I’ve read of others having static on recording, but it goes away when the file is exported. Unfortunately in my case it is still there after exporting and playing it in ITunes. I’ve exported to .aiff and MP3 with same results. I’m recording in Mono and at a 22050 project rate.

I’ve tried 2.0.6 and the nightly build of Jan 4th 2015. 2.0.6 was far worse.

On 2.0.6 it starts after about 5-7 minutes of recording speaking and is very much like static, but only occurs when there is speaking. When the recording is silent there is no “static”. I can see lots of little spikes when I spread the audio out. Most are only about 6 samples long.

On the nightly build of Jan 4th it was fine for about 50 minutes then started having issues.
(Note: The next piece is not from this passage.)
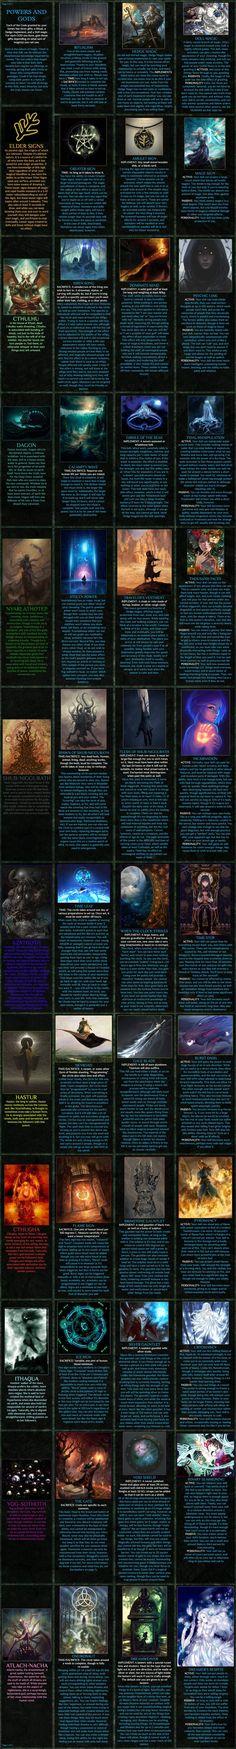 Post with 359 votes and 29336 views. Tagged with lovecraft, urban fantasy, cyoa; Shared by Zysek. An Eldrich Bloodline CYOA Cyoa Games, Rpg Board Games, Admin Jobs, Yog Sothoth, Magic Magic Magic, Writing Fantasy, Fictional World, Fantasy Inspiration, Anime Fantasy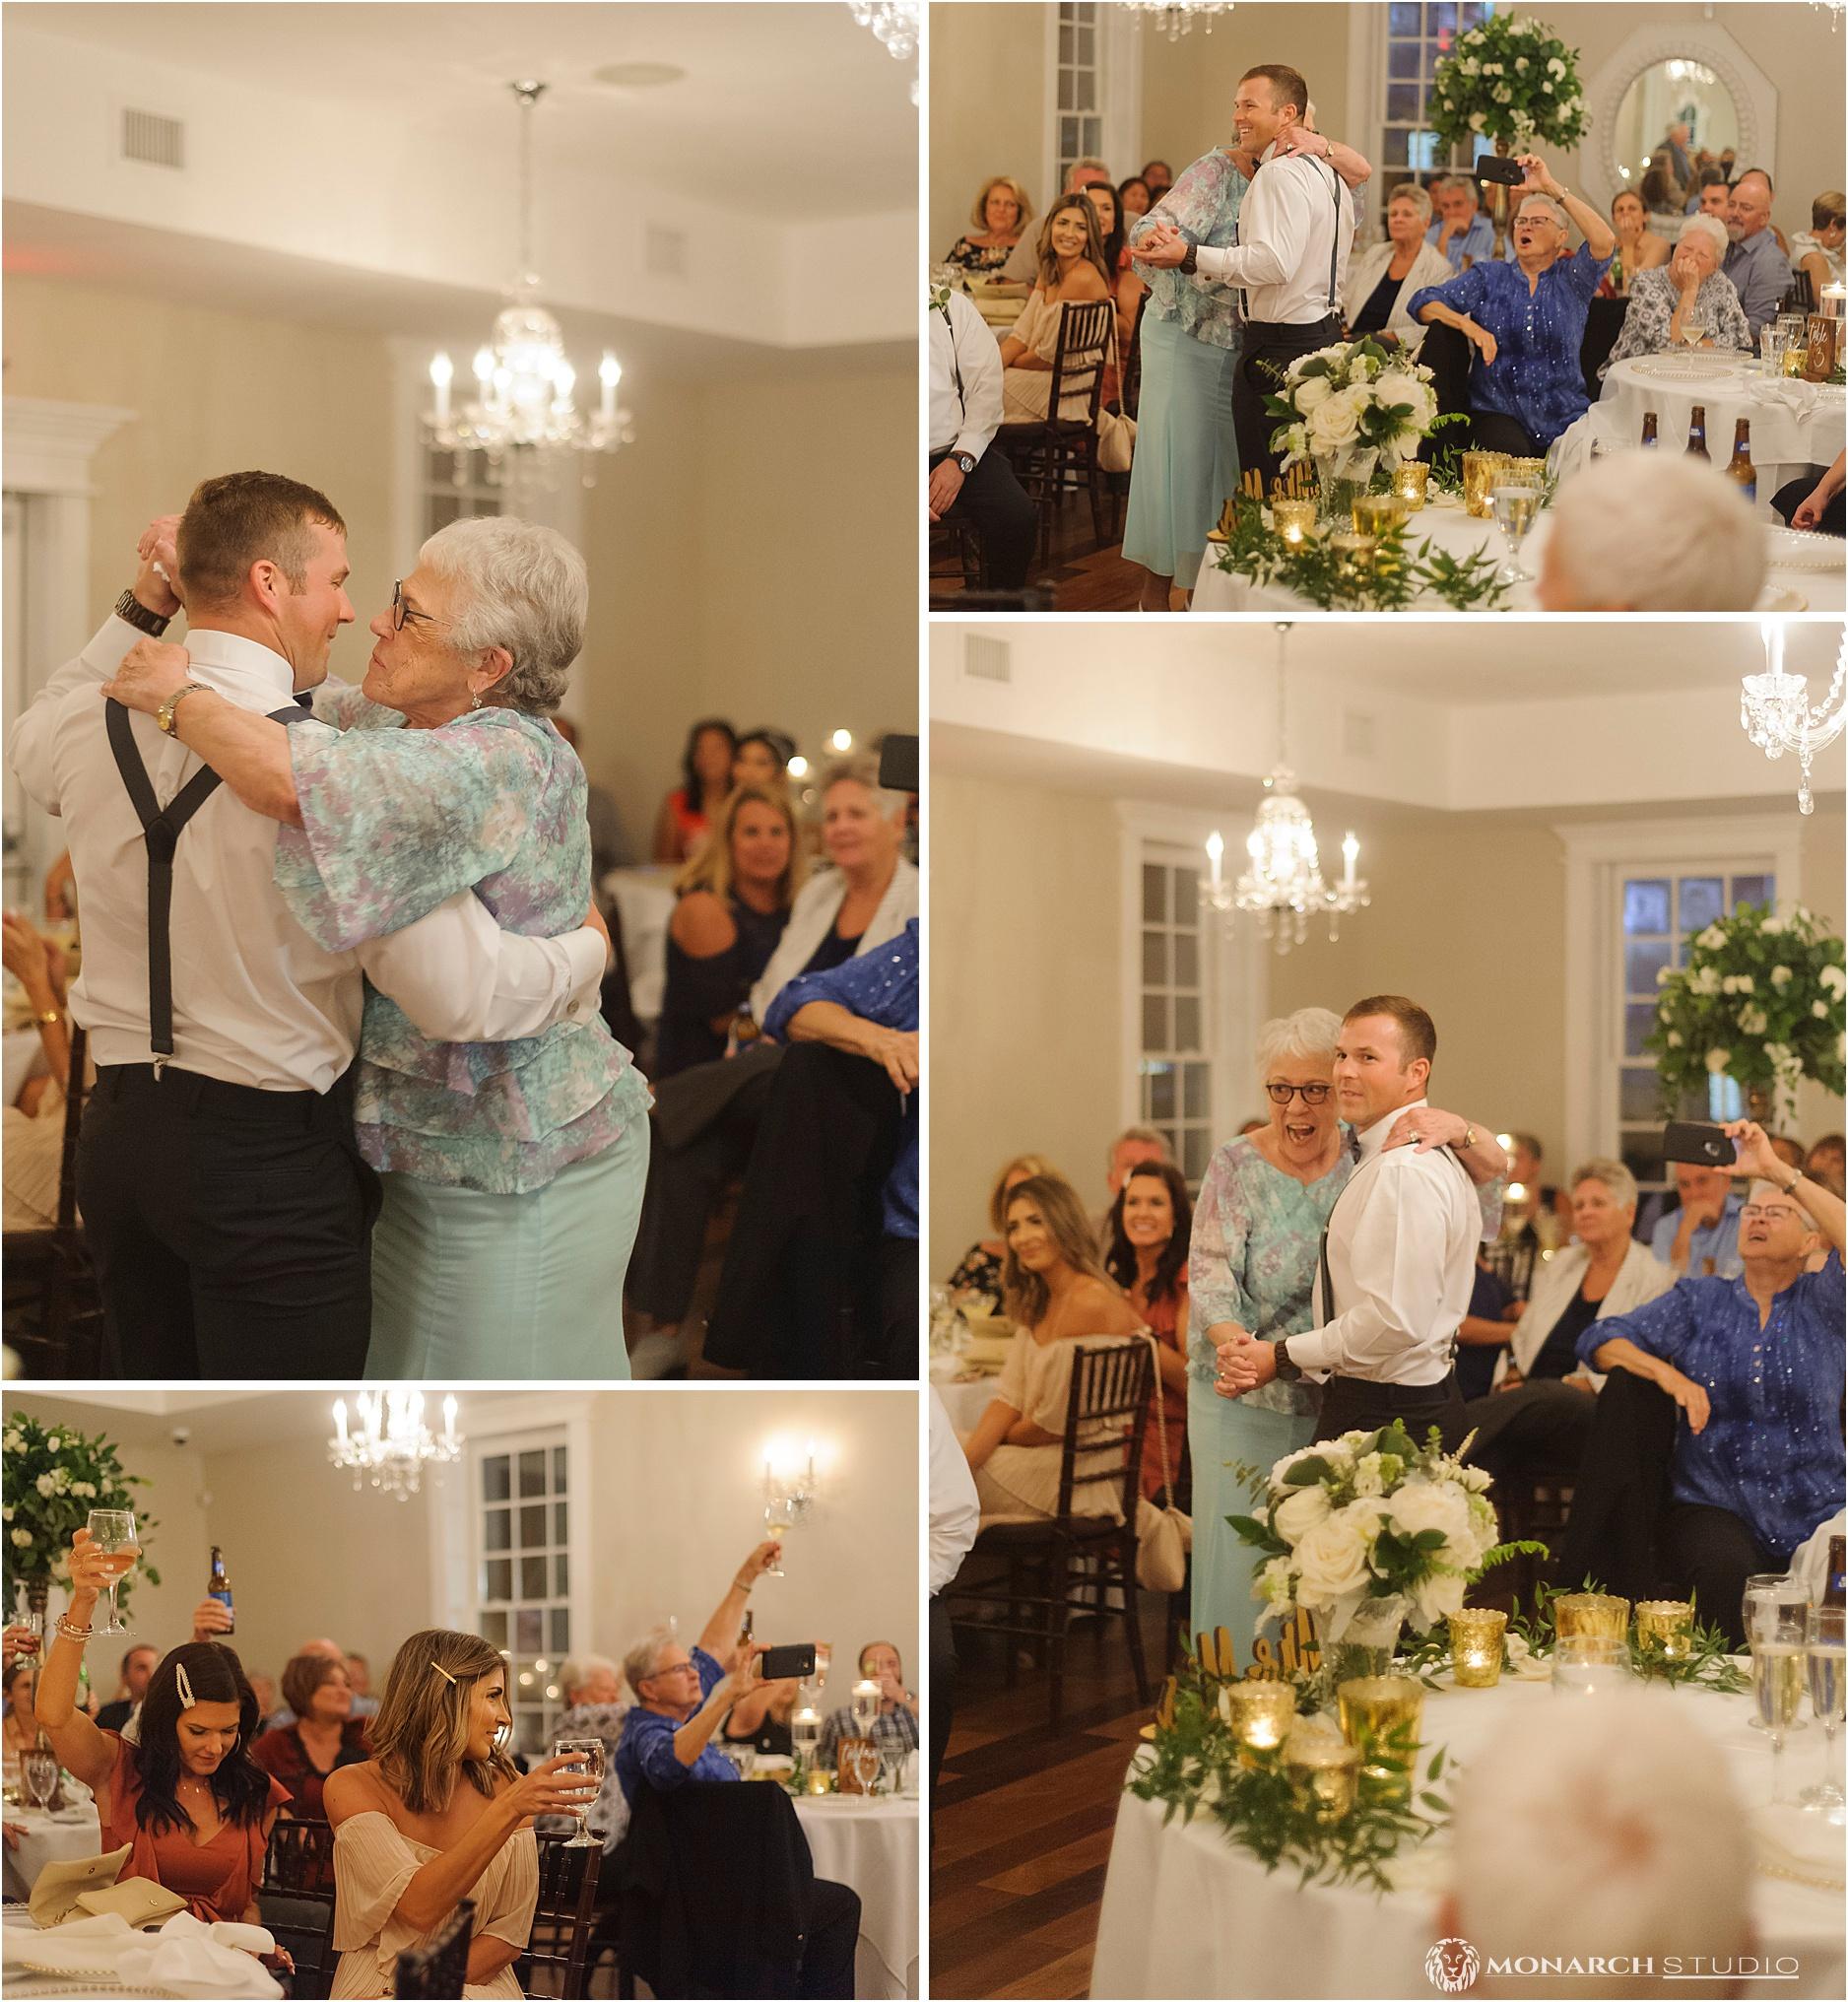 099-whiteroom-wedding-photographer-2019-05-22_0081.jpg

I don’t know if this is related, but on both occasions I recorded another speaker with no problems at all. Immediately after that recording I saved the recording and selected close from the menu. After that I selected a new session. When I clicked on record to start the next recording Audacity crashed. I then restarted Audacity and did the recording that had the issues. Could the crash have left things in a state that is causing the problem?

I hope someone has some answers/work arounds as I need to do these recordings each week and I need an answer or else will have to find another recording solution. I’ll upload a short section for someone to see what I mean.

I’ve read of others having static on recording, but it goes away when the file is exported.

It’s possible to hear static and instability during the recording and have it turn out to be a playback problem. In other words, the show is being recorded perfectly OK, but the machine can’t play it back. You know this because the crackles happen in a different place every time.

You have an actual recording problem. Your export is damaged and you can point to each of the actual pops on the timeline.

Try posting another sound file. This time hum into the microphone at as stable a way as you can. This will save us having to dig each pop and click out of Leviticus to analyze it. I’m interested in seeing any repetition and which way they go when they do. The system will allow you to post a much longer sound file than you did, so do two passes, the second one at a different volume. mmmmmmmmmmm [pause] MMMMMMMMMMMMM.

I know you want to get this fixed, but please pay attention if you can make it worse. Any change in the performance is good data.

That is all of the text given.